Applications are being accepted for “qualified volunteers” interested in donating their time as members of Como’s fire department, which will become part of “Como Department of Public Safety – Police and Fire,” Com City Mayor Darla Henry reported late Friday night following a special meeting of Como City Council.

Como VFD

“In the coming days and weeks hopefully you’ll begin to see some basic changes of signs and logos. Our goal is to purchase the equipment we need and staff the Fire Dept with enthusiastic, trained and qualified young men and women that will dedicate their time to keeping Como and its’ residents safe,” the mayor posted on Aug. 23.

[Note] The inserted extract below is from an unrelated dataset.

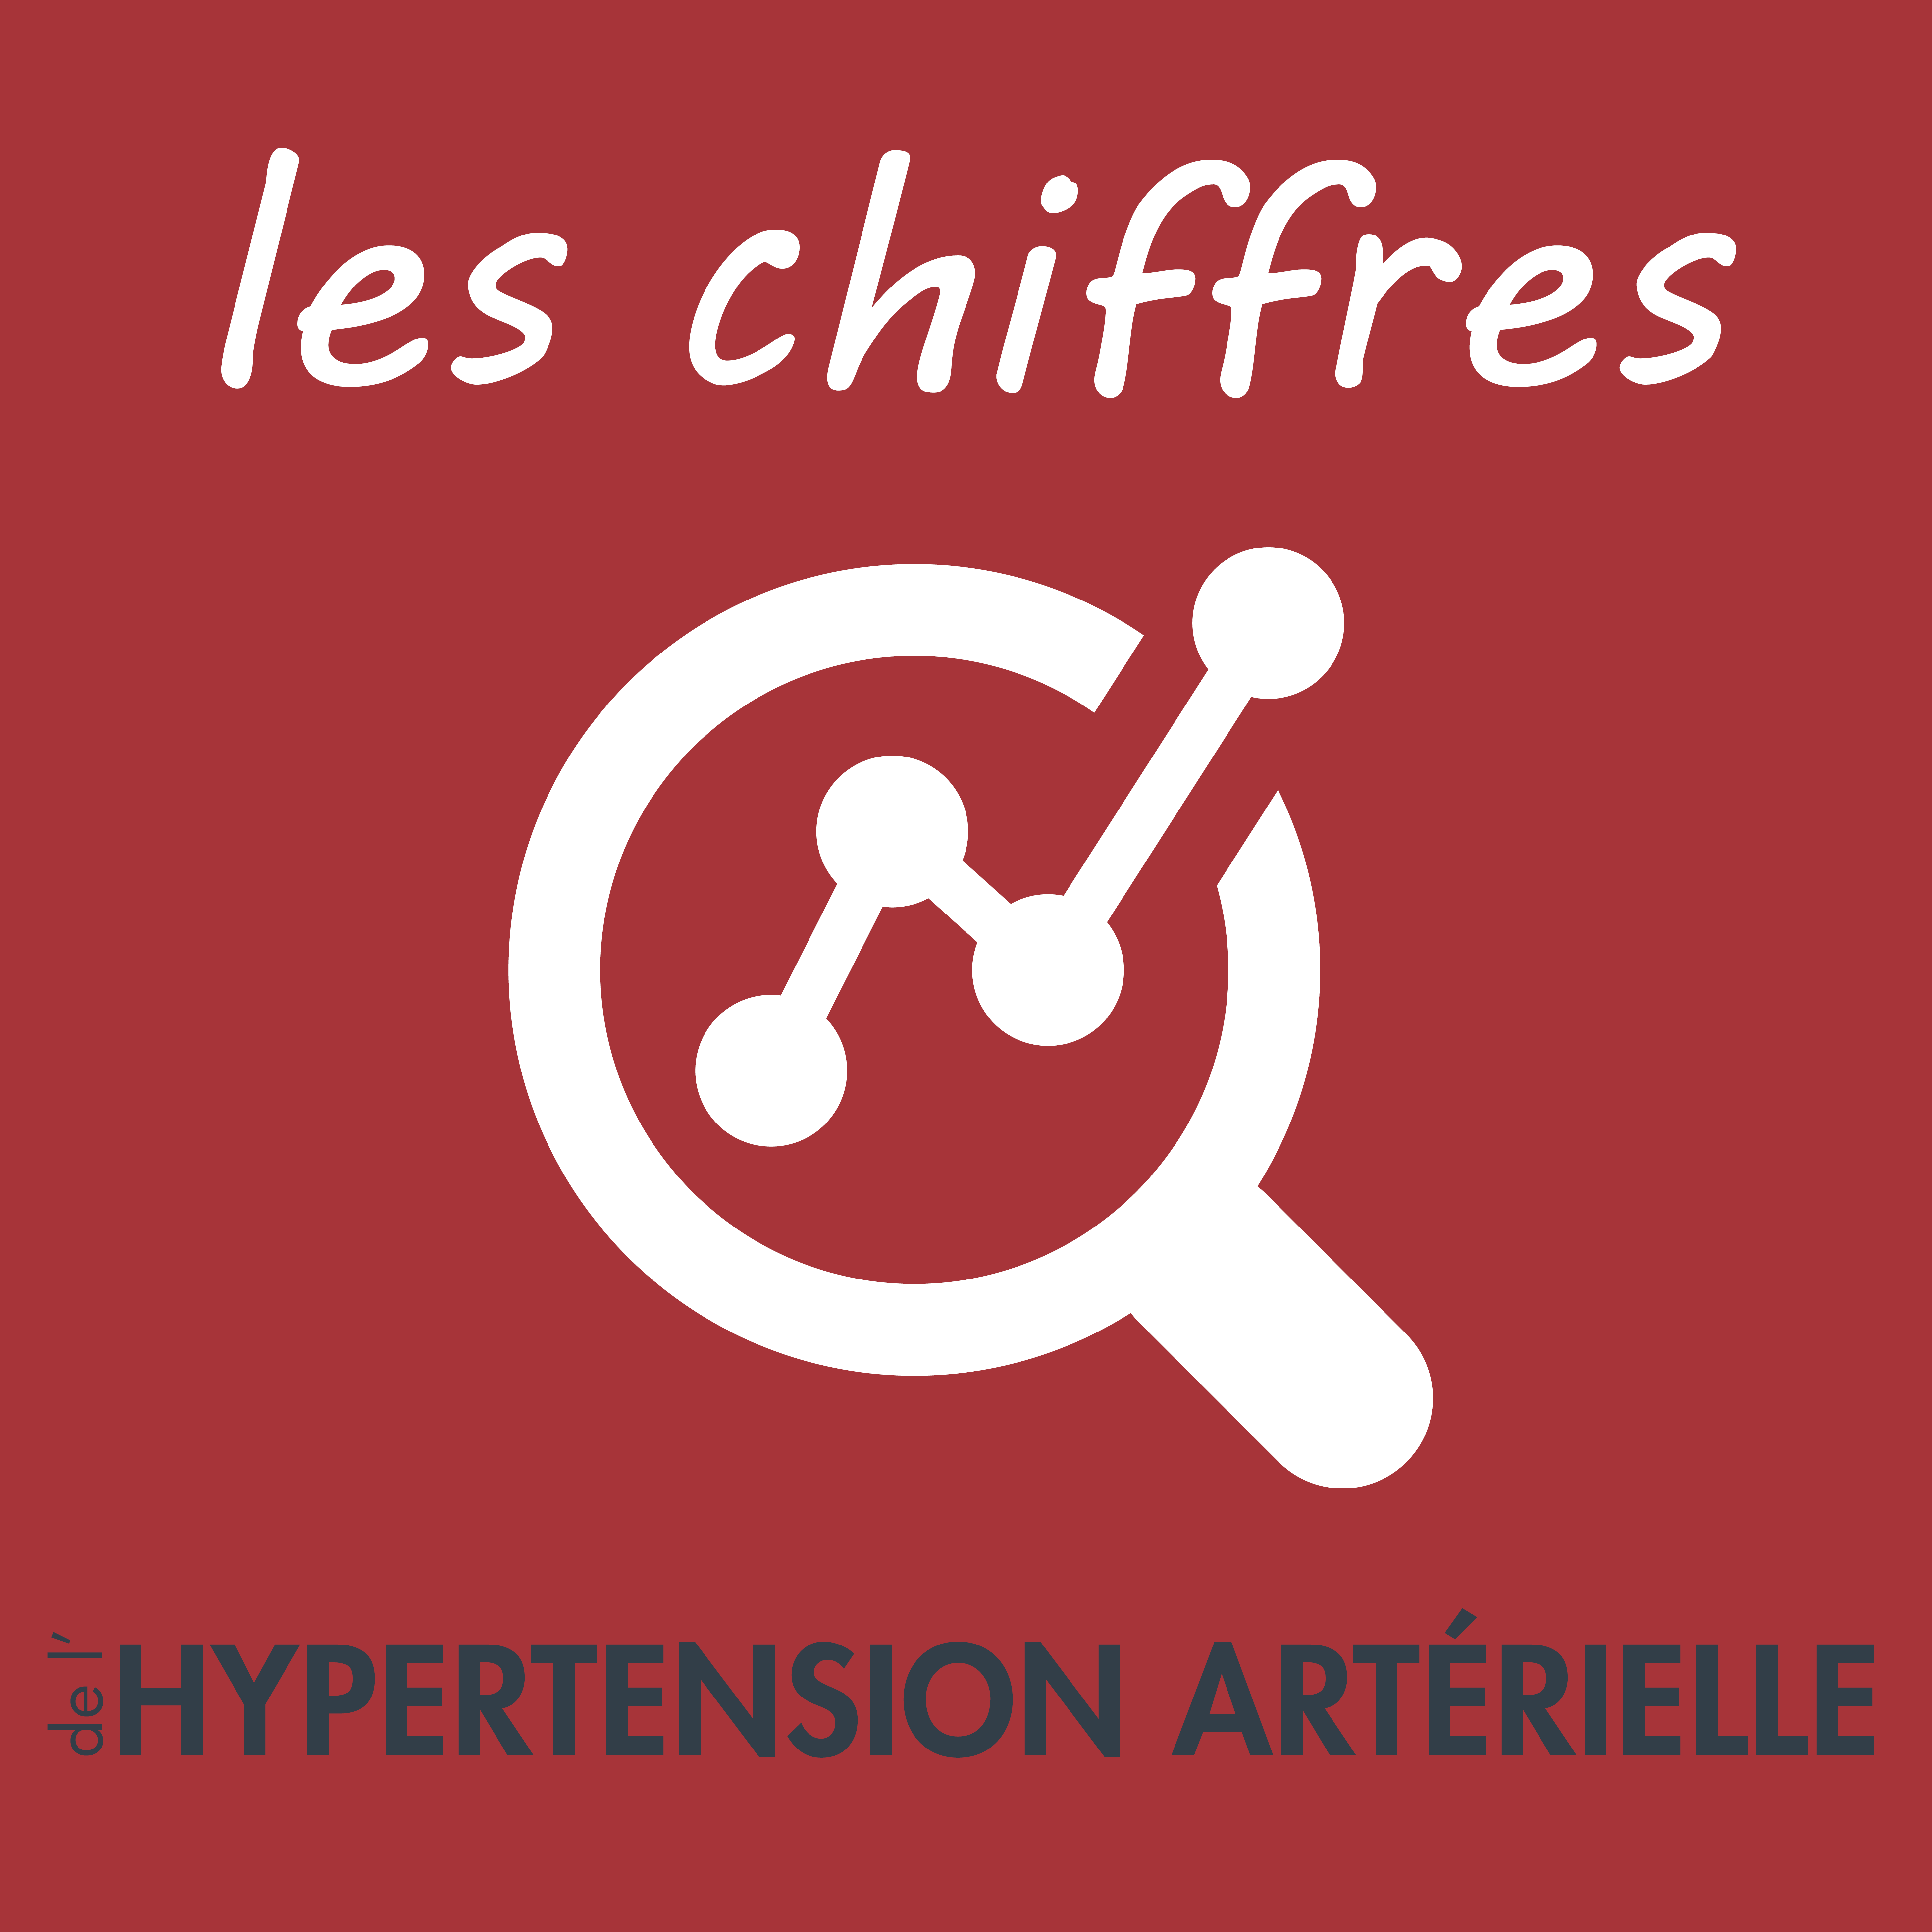 Conseils du Pr Xavier Girerd,Hypertension artérielle,soigner l'hypertension,vivre avec l'hypertension,traiter l'hypertension,causes et risques de l'hypertension

Andy Lowen has been appointed public safety director and will serve as head of both the screened volunteers who will make up the newly comprised fire department as well as the police department. Matt Green was appointed assistant fire chief.

Lowen and the city are working to obtain their official Texas Commission On Law Enforcement number to reestablish a police department in Como in order to officially operate as a recognized law enforcement agency, according to Endsley.

According to the release from Henry. when the Como Police Department is established, it won’t be staffed 24 hours a day, 7 days a week. It will focus mostly on code enforcement during the day. Hopkins County Sheriff’s Office continuing to serve other law enforcement needs after hours and as needed during the day.

“It’s a good process. There’s still more to come, but it’s just going to be a little bit of a process to get through this,” Endsley said.

Newsom noted one of the steps in that process was officially passing a resolution in commissioners court that could be given to the postal service so that all mail for Como fire department will be forwarded to the city.

The county judge said he sent a letter “to whom it may concern” to the post office requesting that any mail, bills or otherwise, be diverted to the City of Como. However, the postal service did not want to honor the request without an order from the court, according to Newsom.

Thus, Newsom presented an official order which was approved and signed during commissioners court, which “authorizes the city of Como to collect all mail, bills, and payments regarding the Como Volunteer Fire Department of Como, Texas.” The document will be presented to the postal service to facilitate the transfer, according to the county judge.

Como City Hall, 104 Mills St., Como, Texas

The order also stipulates that all bills for Como fire department will be paid by the City of Como during this interim, requires the City of Como to maintain careful and full accounting of all receipts of monies and all expenditures.

“So Como will be operating as a volunteer fire department, maintained by the City of Como, until further reorganization?” asked Precinct 1 Commissioner Mickey Barker.

“It will remain under the authority of the City Council. The fire department will report to the city council just like Cumby does, and the city of Tira, Sulphur Springs. They are their own entity now; they come under the city’s authority. So they report now to the city,” Endsley said.

“So they will or will not be under contract with Hopkins County?” Barker asked.

“They continue to work under [Hopkins County], just like Cumby and Tira, do. They responded in their city. Anything outside their city, the county district, that falls under the court’s authority,” Endsley explained.

“Right now, the court – we’ve stopped payments. Every month Hopkins County send money to each of the volunteer fire departments for maintenance. It’s not a lot of money, but it helps them keep the lights on and keep operating. We stopped all those payments for now, until things get more grounded. This is one of the steps in getting it back to some type of normalcy because of the recent events regarding the chief and the secretary/treasurer of Como fire department,” Newsom said of Como VFD.

Precinct 3 Commissioner Wade Bartley asked if funding is withheld, would the department just not receive it, or would it be “retroactive?”

“I’m sure it will be. I don’t think they should lose anything over this. It’s not really the fault of the volunteer fire department. That’s my suggestion. We’re holding those funds right now. Hopefully, this isn’t going to take very long. They are ready to go forward I think, with this order approved by the court,” Newsom said.